QoS Traffic Policing Explained

lagapidis · April 1, 2020, 2:58pm

Hello Michael

No need to apologize, that’s what we’re here for. Indeed this is a difficult topic to get your head around, I’m glad however that it is clearer. The truth is, if there was a video animation of a bucket, with a simulated arrival of packets, and the animated addition and removal of tokens as a result, it would be of great benefit for understanding all of these procedures. I have attempted to find something like this, but was unable to. Maybe we’ll work on creating such a video!! We’ll see…

Laz

nitayp1 · May 20, 2020, 9:24pm

Hi Laz and Rene,

Is there a way to configure burst limit size as in juniper devices?
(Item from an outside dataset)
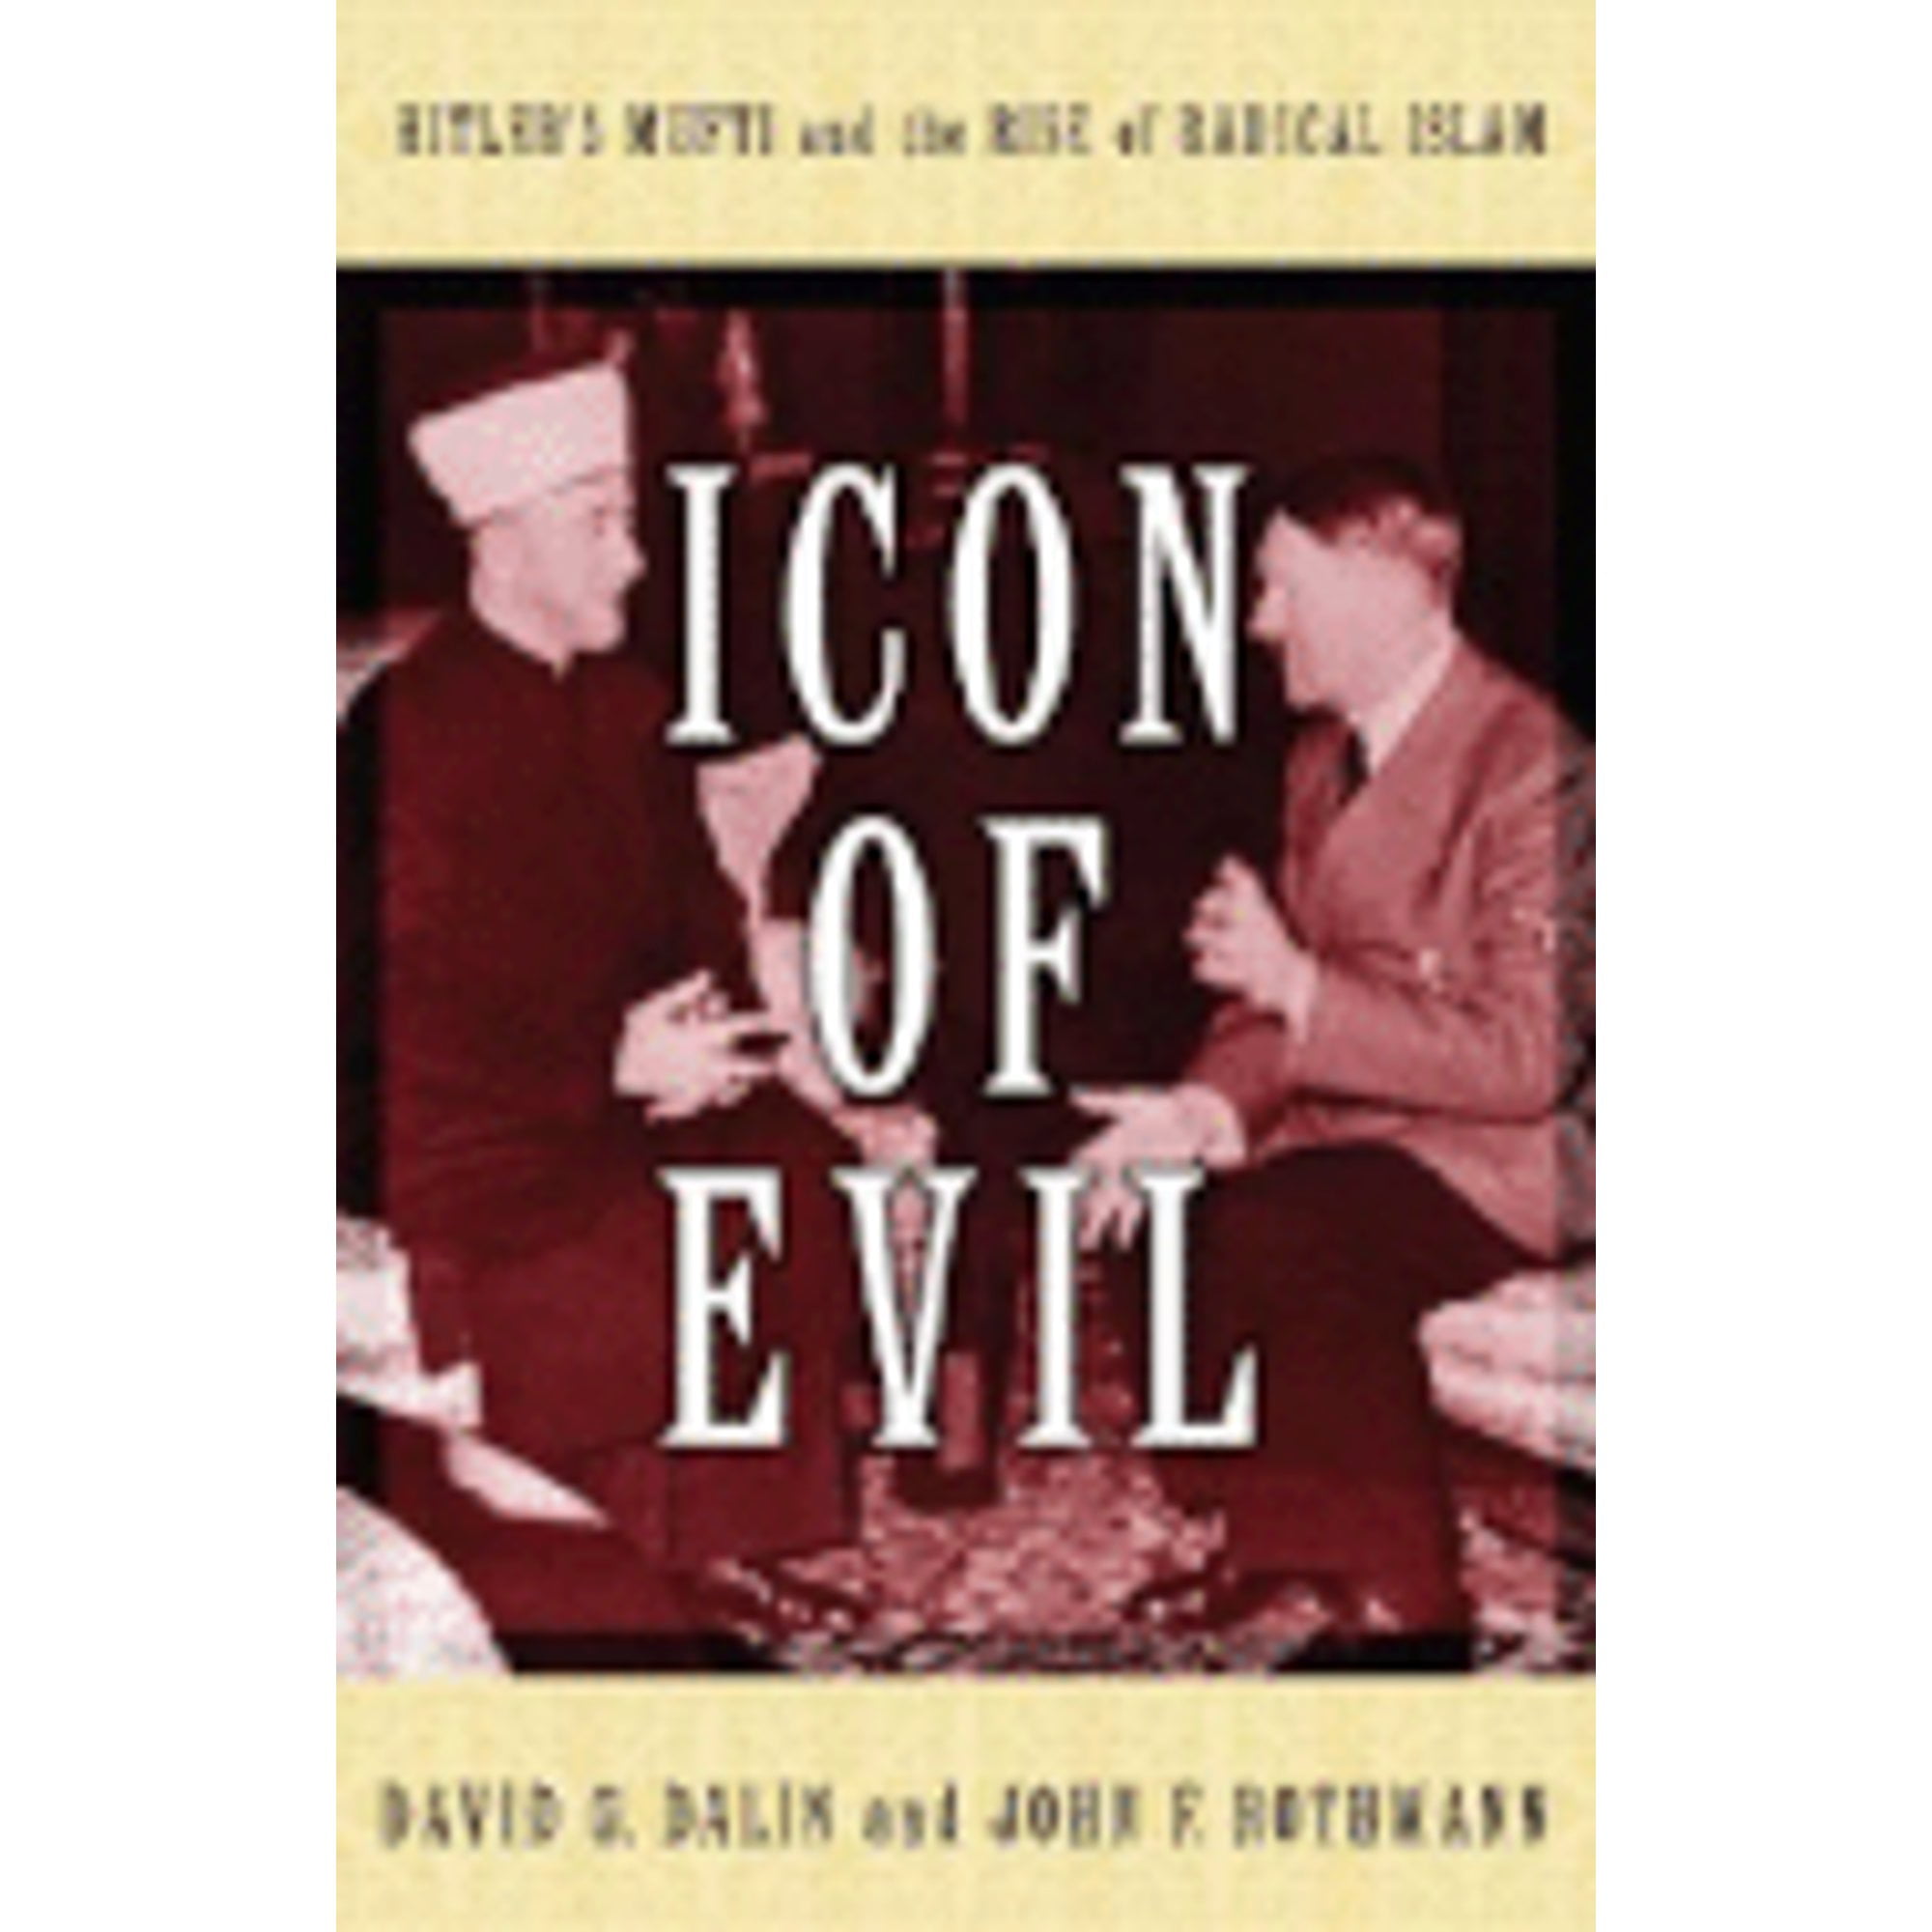 Pre-Owned Icon of Evil: Hitlers Mufti and the Rise Radical Islam Hardcover David G. Dalin, John F. Rothmann

for example, juniper states that some command in the single rate, two-color policer configuration can specify the maximum burst-size-limit of the traffic.
this way you could configure 100Mb link with 10Mb burst size maximum , how could you do something like that in cisco manners?

it sounds like the algorithm has 1 bucket, and another mini bucket inside of it that uses tokens from burst streams. for example: if traffic is sent with 10 packets that has 5ms gap between of them, then the tokens will be taken from the mini bucket instead of the whole bucket, and if teh time gap between each packet is more than 5ms, then the tokens will be taken from the main bucket, this way you could limit the maximum burst size as long that you have a specific definition for “what kind of traffic delimiter is a burst?”

It doesn’t seems right to give a definition of “what is a burst” by a delimeter.

I found this document from juniper’s website about how to calculate the maximum burst size, and I got pretty confused and I didn’t understood what they meant:

It looks like they want to calculate the burst time for a specific policer , and assume that this is the interface’s BW, and then they calculate how long it would actually take to burst that traffic for the real interface’s BW - I just don’t get that.

So , what should I think of that? they mention that burst time should’nt be below 5ms for the policed bw interface, I don’t like this explenation at all and I’m so confused

lagapidis · May 22, 2020, 9:12am

Hello Nitay

Although I don’t have experience with Juniper equipment, taking a brief look at the documentation you shared, it looks to me that it is similar in description with the description in the QoS Traffic Policing lesson:

Specifically, it seems to be referring to the levels of traffic between the exceeding and violating categories. As far as the 5ms goes, I believe that to be a general guideline due to the fact that it has been seen in practice, that anything less would degrade functionality.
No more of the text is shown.